WHAT IS REQUIRED =
Read the data below. Every line holding the string "Ocean" must be copied.

TASK INPUTS =
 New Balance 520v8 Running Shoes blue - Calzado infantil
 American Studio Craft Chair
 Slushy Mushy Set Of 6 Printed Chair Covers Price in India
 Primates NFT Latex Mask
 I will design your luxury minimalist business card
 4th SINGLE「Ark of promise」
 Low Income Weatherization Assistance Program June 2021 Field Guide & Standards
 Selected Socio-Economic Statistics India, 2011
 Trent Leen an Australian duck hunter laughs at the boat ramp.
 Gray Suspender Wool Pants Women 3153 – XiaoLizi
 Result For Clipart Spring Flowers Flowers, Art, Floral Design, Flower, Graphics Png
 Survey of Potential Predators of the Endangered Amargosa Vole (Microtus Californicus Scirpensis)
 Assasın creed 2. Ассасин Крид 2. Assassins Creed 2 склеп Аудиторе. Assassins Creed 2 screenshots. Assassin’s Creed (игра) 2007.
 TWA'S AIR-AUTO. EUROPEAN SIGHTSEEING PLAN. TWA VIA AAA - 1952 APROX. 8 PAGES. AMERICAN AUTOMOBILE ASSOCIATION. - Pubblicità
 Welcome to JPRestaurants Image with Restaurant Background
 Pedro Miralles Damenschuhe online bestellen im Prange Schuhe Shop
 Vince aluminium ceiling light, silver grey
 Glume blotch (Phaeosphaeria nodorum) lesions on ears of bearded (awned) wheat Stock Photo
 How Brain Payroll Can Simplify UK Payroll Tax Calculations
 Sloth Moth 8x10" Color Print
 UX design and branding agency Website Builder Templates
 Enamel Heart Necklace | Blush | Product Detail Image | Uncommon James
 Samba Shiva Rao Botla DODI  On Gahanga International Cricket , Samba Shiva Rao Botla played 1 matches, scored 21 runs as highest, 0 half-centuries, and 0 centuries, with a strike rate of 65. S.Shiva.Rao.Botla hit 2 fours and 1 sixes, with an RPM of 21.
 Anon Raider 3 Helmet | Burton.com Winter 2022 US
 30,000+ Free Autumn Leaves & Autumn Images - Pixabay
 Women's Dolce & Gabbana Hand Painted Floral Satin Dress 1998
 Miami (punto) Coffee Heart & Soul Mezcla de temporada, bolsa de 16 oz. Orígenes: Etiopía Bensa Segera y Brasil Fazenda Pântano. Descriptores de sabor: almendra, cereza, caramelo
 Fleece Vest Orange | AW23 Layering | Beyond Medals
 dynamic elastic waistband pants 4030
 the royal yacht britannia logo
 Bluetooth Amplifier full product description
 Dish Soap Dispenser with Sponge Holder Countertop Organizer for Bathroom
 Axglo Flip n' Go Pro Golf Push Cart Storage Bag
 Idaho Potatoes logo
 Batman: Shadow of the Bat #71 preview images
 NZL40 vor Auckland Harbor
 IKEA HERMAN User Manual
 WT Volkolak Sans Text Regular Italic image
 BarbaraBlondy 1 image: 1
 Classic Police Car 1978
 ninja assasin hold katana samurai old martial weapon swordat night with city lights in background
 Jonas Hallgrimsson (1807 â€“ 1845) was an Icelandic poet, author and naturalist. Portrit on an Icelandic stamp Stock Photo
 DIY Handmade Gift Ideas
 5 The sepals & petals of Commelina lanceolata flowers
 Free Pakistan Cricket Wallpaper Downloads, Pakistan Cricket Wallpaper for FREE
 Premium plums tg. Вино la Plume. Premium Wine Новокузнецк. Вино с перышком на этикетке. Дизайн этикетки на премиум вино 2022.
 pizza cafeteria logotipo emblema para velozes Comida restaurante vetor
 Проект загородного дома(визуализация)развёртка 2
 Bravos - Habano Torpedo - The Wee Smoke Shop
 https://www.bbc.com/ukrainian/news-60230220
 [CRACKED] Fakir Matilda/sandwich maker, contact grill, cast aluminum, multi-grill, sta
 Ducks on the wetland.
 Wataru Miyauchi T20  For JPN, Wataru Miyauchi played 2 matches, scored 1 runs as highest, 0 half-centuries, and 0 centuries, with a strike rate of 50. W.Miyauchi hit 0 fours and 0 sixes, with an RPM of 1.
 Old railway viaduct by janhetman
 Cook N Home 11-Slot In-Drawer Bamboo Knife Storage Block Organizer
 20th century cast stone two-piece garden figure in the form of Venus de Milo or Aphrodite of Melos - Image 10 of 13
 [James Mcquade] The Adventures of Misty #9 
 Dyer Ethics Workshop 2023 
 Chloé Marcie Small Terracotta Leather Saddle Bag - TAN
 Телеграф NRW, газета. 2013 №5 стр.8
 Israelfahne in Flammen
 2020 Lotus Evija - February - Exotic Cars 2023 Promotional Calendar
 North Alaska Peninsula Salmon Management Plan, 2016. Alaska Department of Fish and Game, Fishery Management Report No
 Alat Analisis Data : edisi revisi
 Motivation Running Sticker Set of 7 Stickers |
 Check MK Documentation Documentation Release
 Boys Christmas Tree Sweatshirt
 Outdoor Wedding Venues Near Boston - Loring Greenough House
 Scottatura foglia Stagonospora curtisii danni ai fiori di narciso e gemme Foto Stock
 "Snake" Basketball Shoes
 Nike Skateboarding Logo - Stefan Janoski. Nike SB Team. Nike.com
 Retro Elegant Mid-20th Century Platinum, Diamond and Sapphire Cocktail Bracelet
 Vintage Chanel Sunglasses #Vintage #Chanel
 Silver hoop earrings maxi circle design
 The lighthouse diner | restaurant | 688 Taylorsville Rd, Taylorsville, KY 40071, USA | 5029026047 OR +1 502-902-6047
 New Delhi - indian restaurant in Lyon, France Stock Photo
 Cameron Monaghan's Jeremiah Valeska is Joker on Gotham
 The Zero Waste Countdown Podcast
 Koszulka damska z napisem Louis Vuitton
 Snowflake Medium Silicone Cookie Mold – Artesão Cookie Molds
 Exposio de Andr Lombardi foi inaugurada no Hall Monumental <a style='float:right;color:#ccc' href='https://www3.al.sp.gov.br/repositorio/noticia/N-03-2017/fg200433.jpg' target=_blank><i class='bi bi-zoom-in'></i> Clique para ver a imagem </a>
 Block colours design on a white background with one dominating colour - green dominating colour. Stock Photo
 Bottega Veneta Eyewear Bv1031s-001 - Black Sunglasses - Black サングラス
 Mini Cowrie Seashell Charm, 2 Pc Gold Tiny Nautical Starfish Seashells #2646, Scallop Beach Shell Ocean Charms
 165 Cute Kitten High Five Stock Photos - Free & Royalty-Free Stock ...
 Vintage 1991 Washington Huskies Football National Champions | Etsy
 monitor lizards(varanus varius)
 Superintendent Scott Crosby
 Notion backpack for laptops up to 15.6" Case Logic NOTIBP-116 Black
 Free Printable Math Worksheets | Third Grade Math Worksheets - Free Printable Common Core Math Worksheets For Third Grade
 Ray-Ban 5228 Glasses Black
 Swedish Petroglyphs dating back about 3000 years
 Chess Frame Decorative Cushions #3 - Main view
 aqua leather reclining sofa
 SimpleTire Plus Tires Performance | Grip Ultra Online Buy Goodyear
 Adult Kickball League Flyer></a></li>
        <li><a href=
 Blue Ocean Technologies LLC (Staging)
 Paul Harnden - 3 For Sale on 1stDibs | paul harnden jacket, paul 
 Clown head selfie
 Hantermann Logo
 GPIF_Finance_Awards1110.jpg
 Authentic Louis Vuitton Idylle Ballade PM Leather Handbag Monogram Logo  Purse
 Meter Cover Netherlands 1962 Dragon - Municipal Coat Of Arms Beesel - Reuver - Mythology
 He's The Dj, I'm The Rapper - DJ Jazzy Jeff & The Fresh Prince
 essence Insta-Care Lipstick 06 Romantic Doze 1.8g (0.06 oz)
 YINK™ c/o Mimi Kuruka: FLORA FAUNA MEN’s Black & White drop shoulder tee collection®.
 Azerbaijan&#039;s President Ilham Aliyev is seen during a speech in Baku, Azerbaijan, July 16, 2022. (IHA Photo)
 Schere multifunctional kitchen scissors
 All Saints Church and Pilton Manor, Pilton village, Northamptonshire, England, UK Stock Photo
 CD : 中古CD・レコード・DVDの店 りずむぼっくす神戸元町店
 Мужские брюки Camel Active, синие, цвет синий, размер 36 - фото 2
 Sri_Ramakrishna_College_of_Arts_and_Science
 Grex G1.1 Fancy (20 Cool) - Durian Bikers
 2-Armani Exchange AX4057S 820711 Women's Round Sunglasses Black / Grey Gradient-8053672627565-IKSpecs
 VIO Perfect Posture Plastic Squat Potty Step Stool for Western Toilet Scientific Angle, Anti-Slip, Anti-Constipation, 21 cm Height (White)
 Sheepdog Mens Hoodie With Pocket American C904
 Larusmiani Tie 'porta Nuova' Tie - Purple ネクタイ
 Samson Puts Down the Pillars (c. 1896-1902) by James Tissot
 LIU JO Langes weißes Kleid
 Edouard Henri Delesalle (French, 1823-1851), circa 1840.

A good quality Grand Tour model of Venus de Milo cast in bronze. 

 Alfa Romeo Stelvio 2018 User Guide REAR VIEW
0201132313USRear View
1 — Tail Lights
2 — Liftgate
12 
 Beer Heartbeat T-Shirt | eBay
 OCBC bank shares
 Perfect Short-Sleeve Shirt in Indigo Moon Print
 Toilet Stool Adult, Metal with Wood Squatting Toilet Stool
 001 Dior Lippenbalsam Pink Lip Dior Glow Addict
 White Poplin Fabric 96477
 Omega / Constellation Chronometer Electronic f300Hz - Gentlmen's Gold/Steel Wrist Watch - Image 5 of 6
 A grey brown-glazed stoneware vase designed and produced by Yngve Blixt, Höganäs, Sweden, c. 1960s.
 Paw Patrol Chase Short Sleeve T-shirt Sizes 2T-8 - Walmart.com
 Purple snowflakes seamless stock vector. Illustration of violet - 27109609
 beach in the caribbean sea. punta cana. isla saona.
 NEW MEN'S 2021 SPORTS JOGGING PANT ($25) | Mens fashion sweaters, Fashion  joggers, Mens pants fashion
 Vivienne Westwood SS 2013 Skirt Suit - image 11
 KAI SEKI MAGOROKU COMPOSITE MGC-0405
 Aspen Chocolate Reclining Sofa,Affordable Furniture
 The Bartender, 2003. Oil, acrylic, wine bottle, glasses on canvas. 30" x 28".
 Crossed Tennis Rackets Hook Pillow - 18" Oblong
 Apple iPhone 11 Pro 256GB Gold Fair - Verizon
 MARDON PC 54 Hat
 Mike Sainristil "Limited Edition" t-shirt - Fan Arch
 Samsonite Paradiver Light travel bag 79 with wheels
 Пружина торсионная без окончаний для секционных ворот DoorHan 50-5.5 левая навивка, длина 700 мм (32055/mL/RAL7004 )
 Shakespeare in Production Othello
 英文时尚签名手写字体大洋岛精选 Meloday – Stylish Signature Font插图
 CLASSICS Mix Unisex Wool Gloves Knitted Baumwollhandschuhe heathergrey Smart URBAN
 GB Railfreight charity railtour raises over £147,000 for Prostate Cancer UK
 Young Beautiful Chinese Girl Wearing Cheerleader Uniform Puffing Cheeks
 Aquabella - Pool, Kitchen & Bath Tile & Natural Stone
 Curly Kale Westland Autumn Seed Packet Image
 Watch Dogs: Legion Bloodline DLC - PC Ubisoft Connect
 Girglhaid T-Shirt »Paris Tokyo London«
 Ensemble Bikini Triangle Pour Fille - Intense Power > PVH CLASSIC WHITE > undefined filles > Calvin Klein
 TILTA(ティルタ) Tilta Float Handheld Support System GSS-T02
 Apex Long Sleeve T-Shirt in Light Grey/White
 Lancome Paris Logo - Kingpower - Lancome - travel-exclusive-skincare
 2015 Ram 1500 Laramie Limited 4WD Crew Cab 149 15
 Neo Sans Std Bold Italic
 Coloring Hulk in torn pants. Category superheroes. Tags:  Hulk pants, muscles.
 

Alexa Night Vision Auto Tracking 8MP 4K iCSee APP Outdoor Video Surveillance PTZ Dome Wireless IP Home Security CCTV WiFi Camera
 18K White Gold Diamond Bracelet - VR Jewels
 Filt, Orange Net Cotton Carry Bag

EXPECTED ANSWER =
 Mini Cowrie Seashell Charm, 2 Pc Gold Tiny Nautical Starfish Seashells #2646, Scallop Beach Shell Ocean Charms
 Blue Ocean Technologies LLC (Staging)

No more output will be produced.